Other available languages: none
Brussels, 28 February 2013
Q&A on 26 new EU research projects on rare diseases
1) Why is research at European level important?
There is a huge need for European cooperation in rare diseases research. Individual Member States are not able to gather enough knowledge and expertise in a specific disease due to scarce resources and the relatively low number of patients in each Member State. As a consequence, it is also difficult for doctors to diagnose and identify the best treatment for rare diseases. Only through exchange of knowledge and pooling resources together, Europe can get closer to solutions.
Research on rare diseases presents also remarkable interest for other health sectors: rare diseases can serve as models to better understand more common diseases. And overcoming the many hurdles to investigating rare diseases can help improve health research in other areas e.g. by developing models for personalised medicine approaches.
2) Why has the EU led the creation of the International Rare Diseases Research Consortium (IRDiRC)?
Rare diseases are a challenge too big for any country or world region to master alone. This is why the European Commission, together with national and international partners, initiated IRDiRC. The ability to share resources and expertise with other organisations from around the world will multiply our chances of finding new ways to diagnose and fight rare diseases.
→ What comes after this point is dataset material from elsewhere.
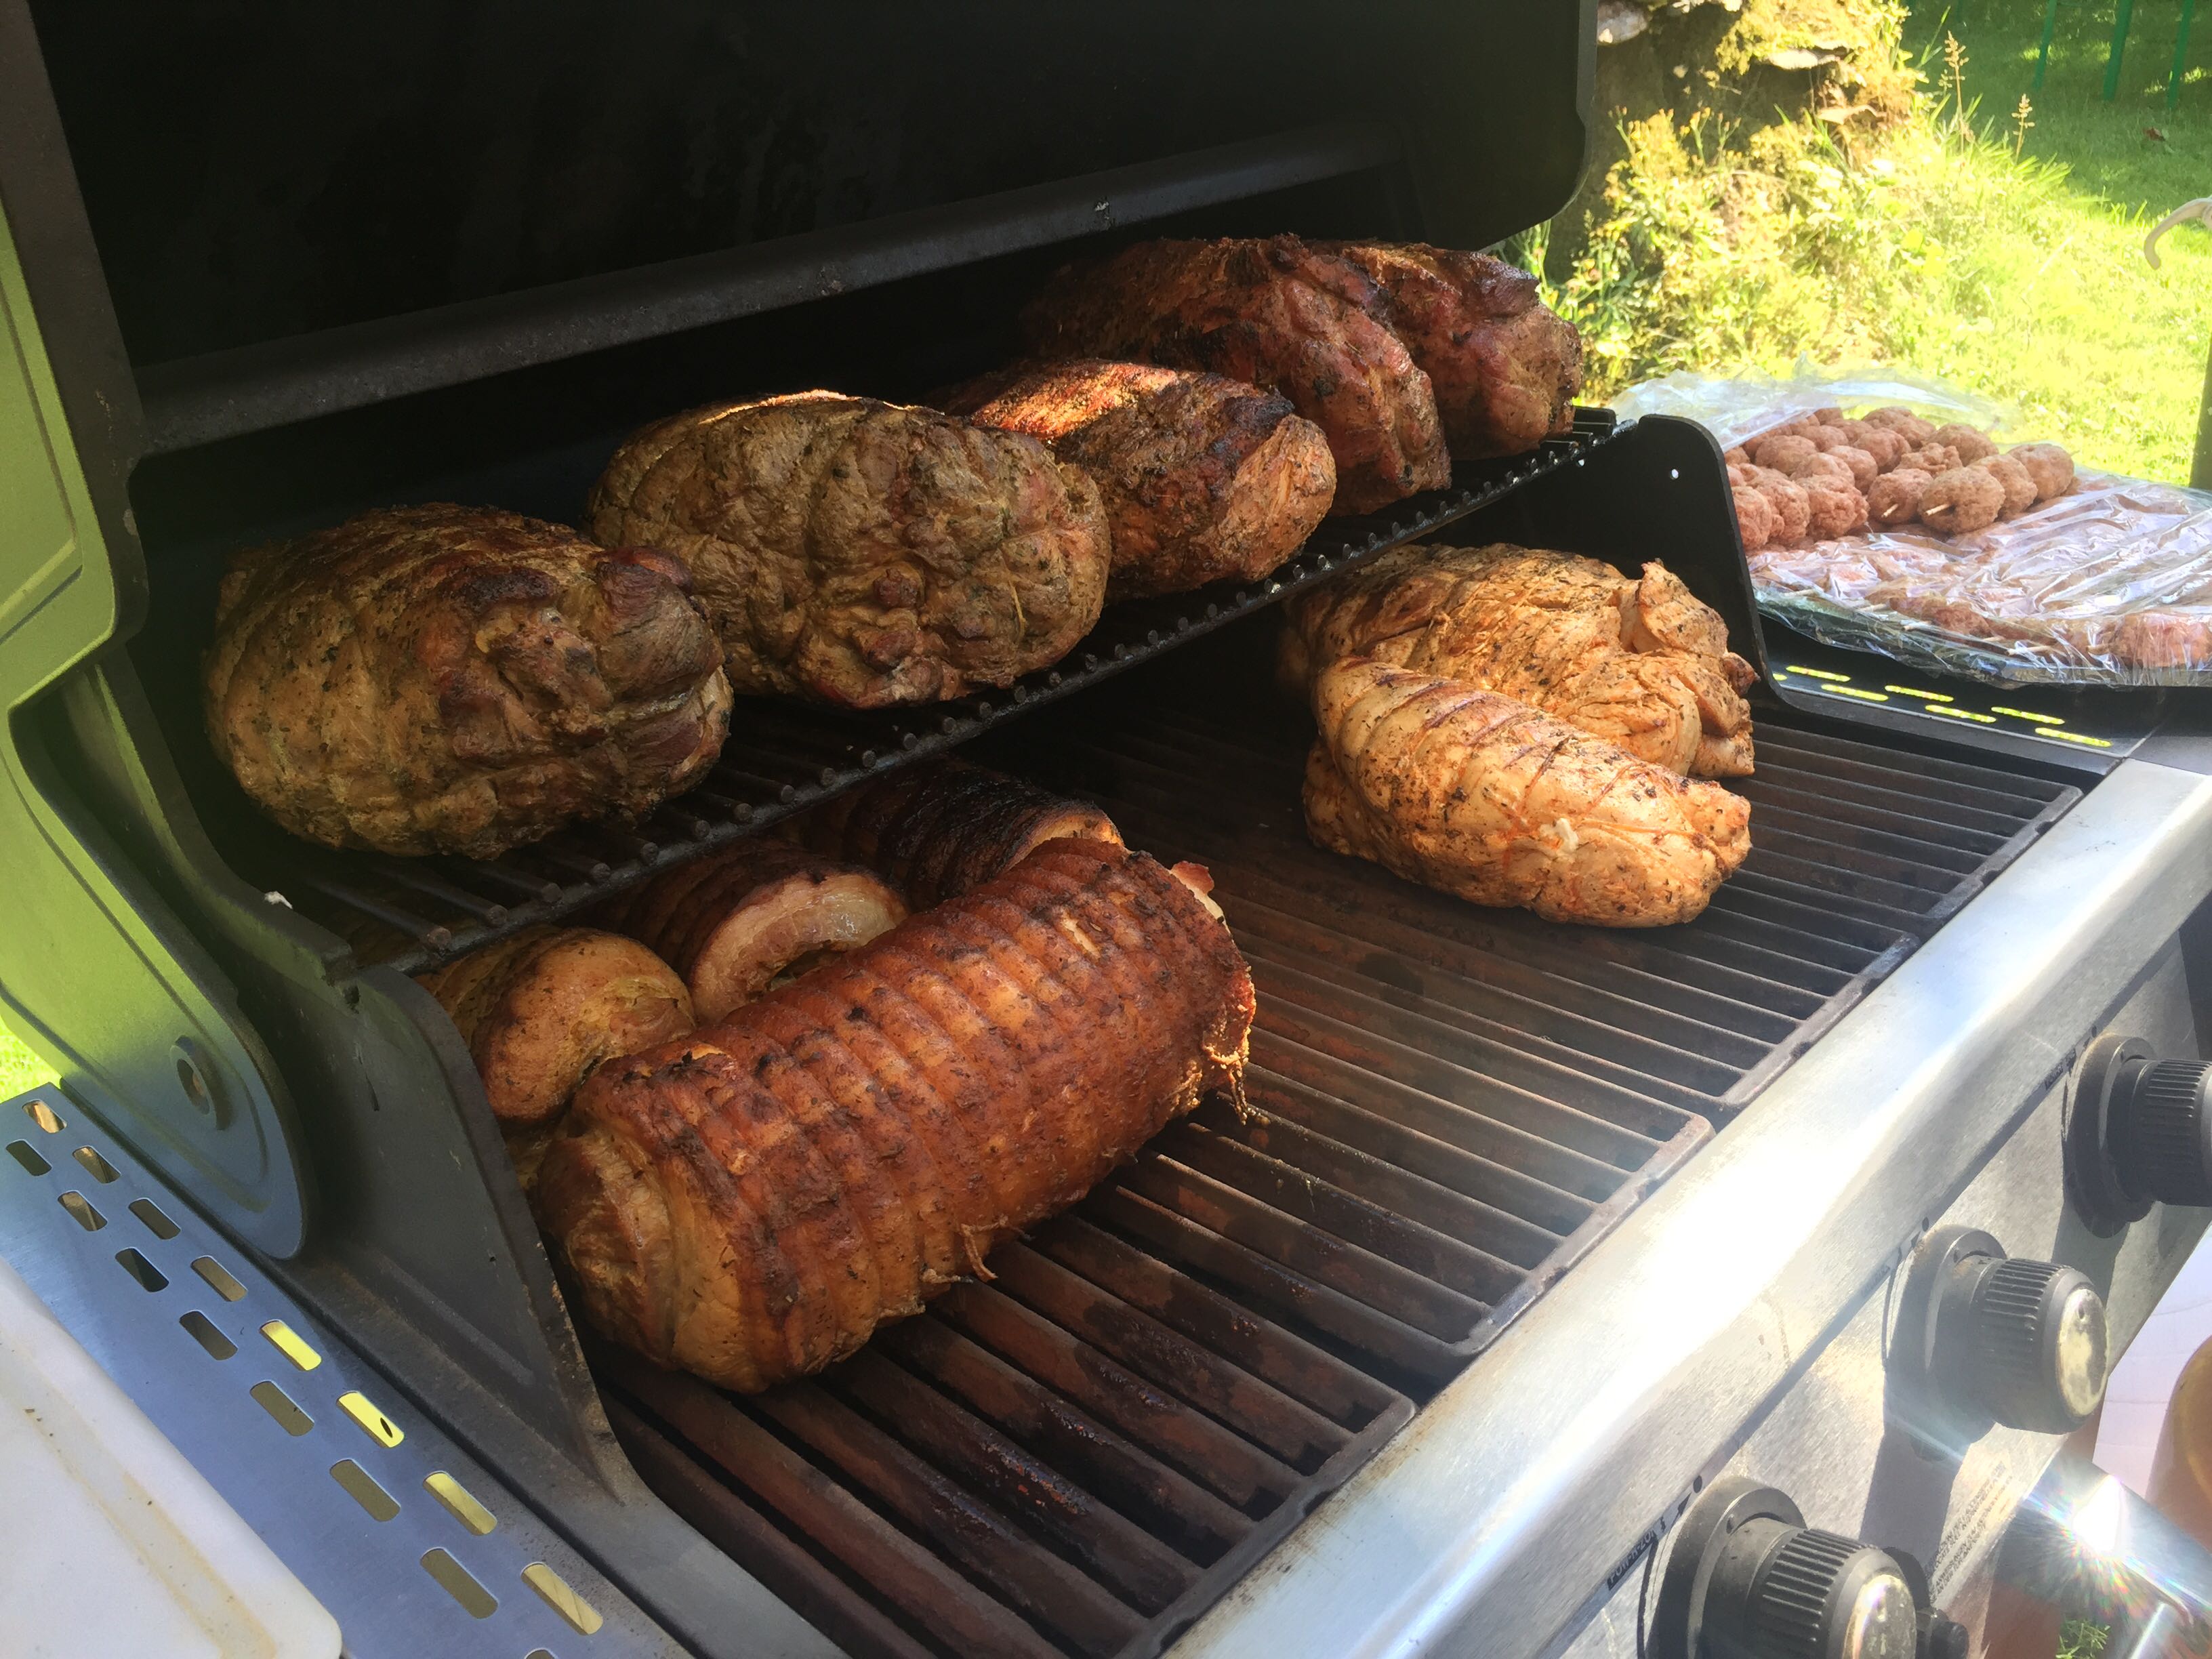 2018 Grillabend 5

IRDiRC's key objective is to deliver, by 2020, 200 new therapies for rare diseases and the means to diagnose most of them. The European Commission and the U.S. National Institutes of Health launched this initiative in spring 2011. It brings together organisations ready to invest, over a 5-year period, more than €7.6 million into research which contributes to its objectives.
The European Union will invest close to €500 million into research relevant to this area during the period 2007-2013.
Just under 30 organisations from Europe, North America and Australia are already part of IRDiRC and more organisations from across the globe are expected to join the initiative. The consortium will also rely on the collaboration with researchers, patients groups, industry associations and regulatory bodies.
3) Apart from research, what else is the EU doing to combat rare diseases?
The European Commission helps bring together the scarce knowledge and resources that are currently fragmented across individual EU countries, to maximize synergies and results.
The 2008 Commission Communication on rare diseases - 'Europe's challenges', put forward a co-operation system between the Commission, Member States and various stakeholders. This paved the way for a Council Recommendation in 2009 on action in the field of rare diseases, a number of Joint Actions under the EU Health Programme, e.g. the 'Orphanet Europe' joint action which helps patients and professionals to collect and share expertise and information across borders, and the creation in 2010 of the EU Committee of Experts on Rare Diseases.
Specific measures of the EU policy on rare diseases include improving recognition and visibility of rare diseases, ensuring that they are adequately coded and traceable in all health information systems, supporting rare diseases registries and providing a European Platform for rare diseases registration, strengthening EU-level cooperation and coordination and supporting national plans for rare diseases.
In the Council Recommendation, Member States are called to adopt national plans or strategies for rare diseases by the end of 2013. The Commission has supported the development of technical assistance and training tools to help Member States create these national plans, i.e. the EUROPLAN project and the 2012 Joint Action. It is up to Member States to shape their own national rare diseases plans adapted to their reality, but following common guidelines.
4) What is the kind of research that the European Research Council is funding to fight rare diseases?
Molecular and Genetic Study of the human infections by Capnocytophaga canimorsus – “CAPCAN” – Funding: EUR 1.47 million
Capnocytophaga canimorsus are Gram-negative bacteria from the normal oral flora of dogs, which can cause rare but severe infections in humans who have been bitten or licked, resulting in fulminant septicaemia with peripheral gangrene. With his ERC grant, Prof Guy R. Cornelis sets out to study the complex interactions between the bacteria and human cells, and to determine whether all bacterial strains are equally dangerous in this rare human infectious disease. By developing virulence models, the project should offer new insights into this recently discovered pathogen and information on how to prevent infection in the future.
Genome Stability Mechanisms in Aging – “GENSTAGE” – Funding EUR 1.44 million
This research project aims at understanding the mechanisms underlying aging. It focuses on the discovery of novel genes functioning in genome stability and longevity regulation that might be instrumental for development of preventive therapeutic strategies to treat rare genetic progeroid disorders (i.e.; rare disorders that appear early in childhood and impact children’s health with for instance, growth retardation and neurodegenerative problems such as deafness, vision deficits and motor difficulties).
Molecular by-pass therapy for mitochondrial dysfunction - “Mito-by-pass” – Funding EUR 2.43 million
The project deals with malfunction of the mitochondria, the cell’s "power-plants", which underlies a diverse range of human pathologies; including rare neuromuscular syndromes, many cases of common multifactorial diseases, neurodegenerative conditions such as Parkinson’s disease, and devastating metabolic disorders of infancy. The research team of Jacob Howard Trevor develops an innovative strategy for genetic therapy of this vast range of pathologies.